Today, deploying a commercial-ready artificial intelligence solution is the key to staying ahead of customer needs and competitors. It fills in the knowledge gap between customer feedback and your team by gathering and making sense of the unbiased, unabridged, and unsolicited voice of the customer. By leveraging AI, you can gain insights that traditional customer feedback techniques simply can’t provide – like specific signals. For example, today’s AI solutions have language models that understand specific scenarios and integrate with large language models like ChatGPT to summarize what customers are saying autonomously. Surveys aren’t going to surface risks and opportunities in real-time. You and your team will have to sit down and read the results or pay someone to do it. AI is the only way to understand what best action needs to be taken in real-time.

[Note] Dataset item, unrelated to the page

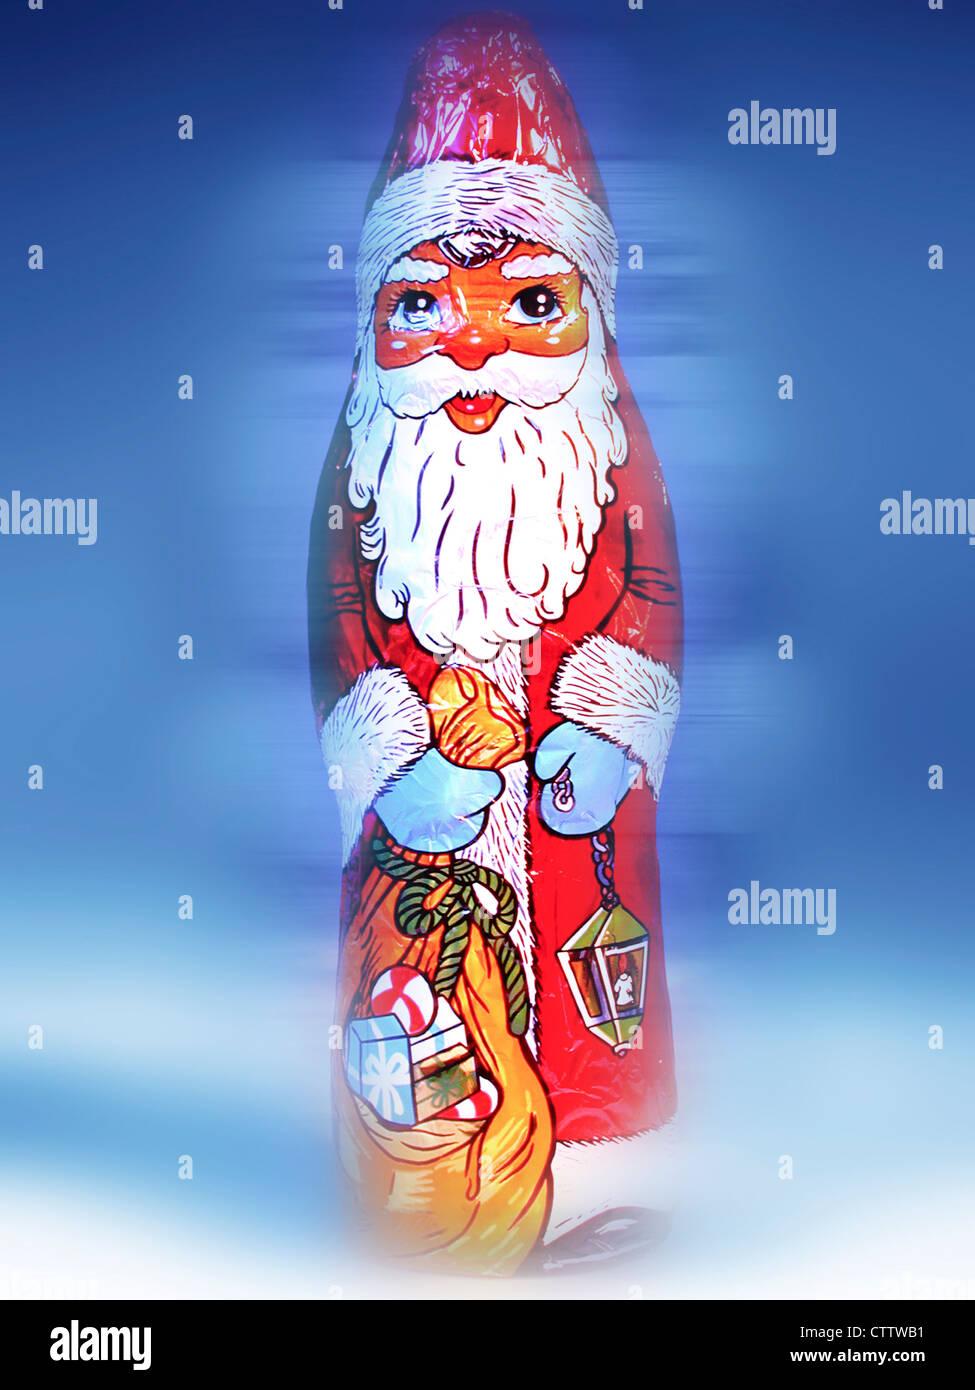 choclate Santa - Schokoladen Nikolaus in Alufolie - Stock Image

Think about the potential application of a technology like this! This goes beyond customer success and truly impacts all aspects of a modern business. For example, AI solutions let your product team maintain product-market fit by autonomously capturing product feedback like feature requests, user confusion, frustration, etc. Customer intelligence can also discover and inspect product-related topics like performance issues, bug reports, access issues, security alerts, etc. Your RevOps and BI teams can access an entirely new structured data source to create analytical frameworks. Your marketing team can tap into your pool of happy customers for testimonials and case studies. The list goes on…
In short, customer feedback should always be taken seriously. While outdated survey methodologies like NPS and CSAT can still provide insights, these techniques should only be used to supplement more modern strategies like AI-powered resources. By taking customer feedback seriously and relying on customer-centric methods, you’ll ensure your customers grow with you, not away from you.